ICIMTH 2014, 10th-13th July, 2014, Hotel Divani Palace Acropolis, Athens, Greece
Workshop 1 - The Contribution of Health IT Vendors to the Health System
Implementing ICT in Greek Public Hospitals:
Innovation Stories from the Trenches
Stavros Pitoglou, CTO, Computer Solutions SA
CS was founded in 1987. We currently have systems installed in 32 public hospitals in Greece.
Having dealt with all those institutions for more than 25 years, we have accumulated valuable - and painful at some times- experience in the fields of implementation and adaptation.
If I should distill this experience and come up with a short phrase, it would be:
Hospitals are dreadful institutions to organize.
There are characteristics that apply worldwide. Hospitals are organizations that, by profession, try to combine a variety of scientific fields (medicine, pharmacy, radiology, financial administration, logistics etc), in order to provide a unified service of healing and caregiving in a given economic context, and that, by definition, is a difficult goal to pursue. As far as public hospitals are concerned there is a framework of strict regulations to be followed and conditions to be met.
And then we have Greece. Greece of financial crisis, with a public sector under tremendous pressure, in an environment of constant change, with understaffed agencies and an ongoing struggle to accomplish many things, in a tiny fraction of the time and money.
Well, I could spend hours nagging and grumbling about the troubles and difficulties of our job, singing campfire stories of horror and battle about every time the David of innovation confronts the Goliath of organizational inertia and poor decision making, but I won’t.
After all, as the title of this workshop indicates, I should rather make some reference to our contribution to this part of the Health System as IT vendors.

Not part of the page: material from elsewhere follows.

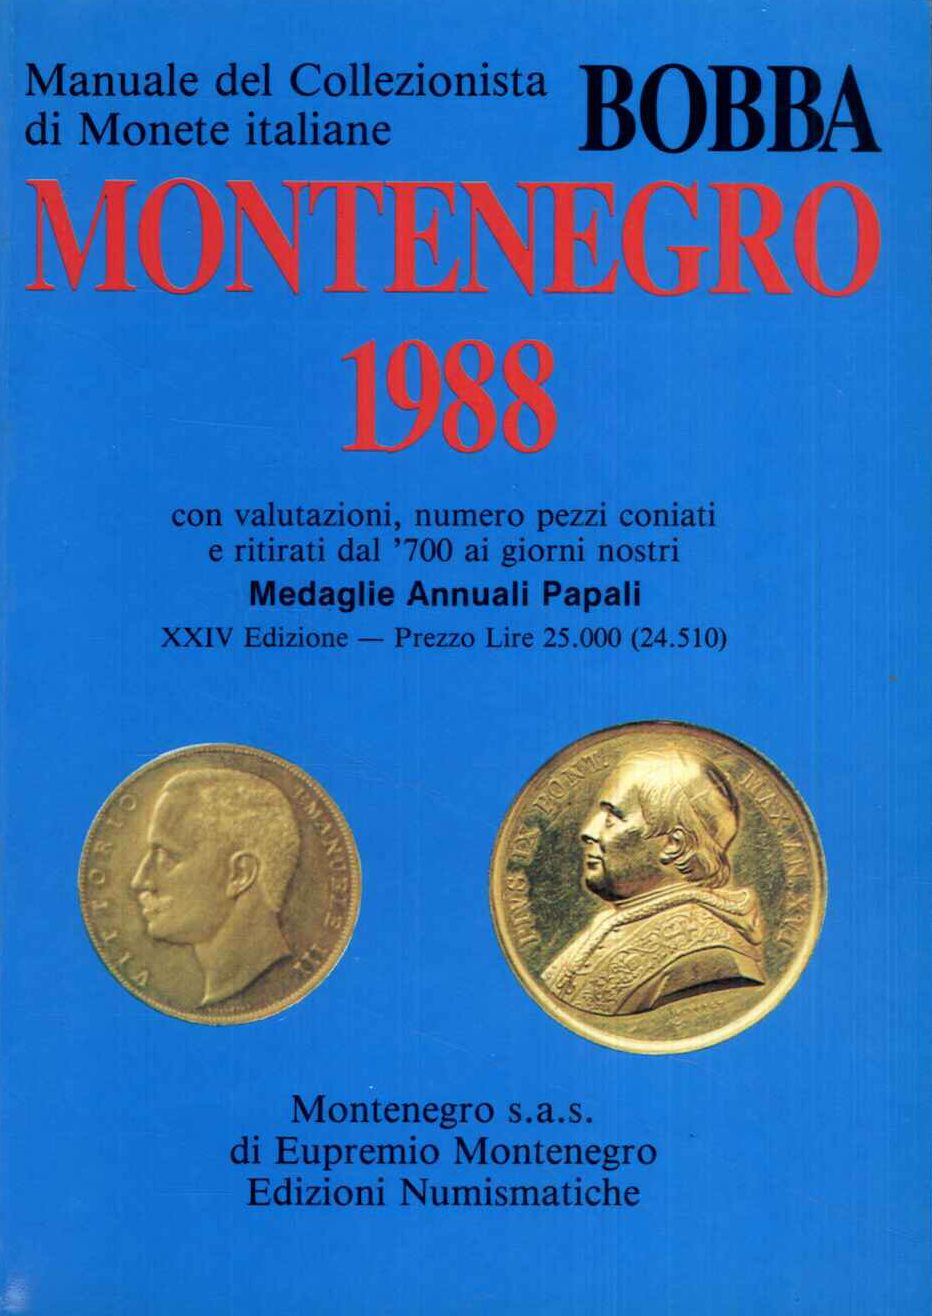 Bobba Montenegro 1988. Manuale del collezionista

Well, our main task is the art and craft of applying and fitting contemporary achievements of informatics and communications science and technology to our customers’ day-to-day work.
In that sense, our contribution consists of two main notions: innovation and project management. Innovation as applying new methods and tools in an existing process. Project management with the meaning that it’s not enough to know the goal. It is essential to be able to find the means of achieving change and monitoring it.
In other words and from a little different perspective, our job is to deal with all the impediments I mentioned before, and in the same time keep a balance between the technology and the essence of the healthcare service provided.
So, what’s our situation today?
Having established a concrete base of interconnected software systems covering the basic data workflows (financial resource planning and monitoring, supply chain management, patient logistics - that is, admission, accommodation and discharge-, first level medical records etc.), we add up to the functionality, making little steps every time, removing the impediments and monitoring the results as the overall productivity, efficiency and accuracy increases.
Electronic payments
HR Portal
Mobility
Logistics – Bar code scanning
Web Services consumption
Our history is an endless series of steps like these, little or bigger, each of them presenting it’s own difficulties and challenges. Adding them up, I truly believe that today the hospitals find themselves with productive systems and potential that has little to envy compared to more developed, mature and organized markets. And I believe that the IT Vendors’ contribution to this result was, is and will be of great importance. After all, we are responsible to make it truly happen…
If we see innovation as an ongoing project, then it’s time two of the main stakeholders, us-the vendors (mainly focused in practical application) and academic institutions, (mainly focused in the scientific advance) work together more closely and widen our common ground. Conferences and workshops like this one can be excellent opportunities to exchange knowledge and experience, explore new fields of collaboration etc.
Leaving you with the thought that most certainly one can teach an old dog new tricks (don’t forget we make a living out of this…), I thank you for listening to me.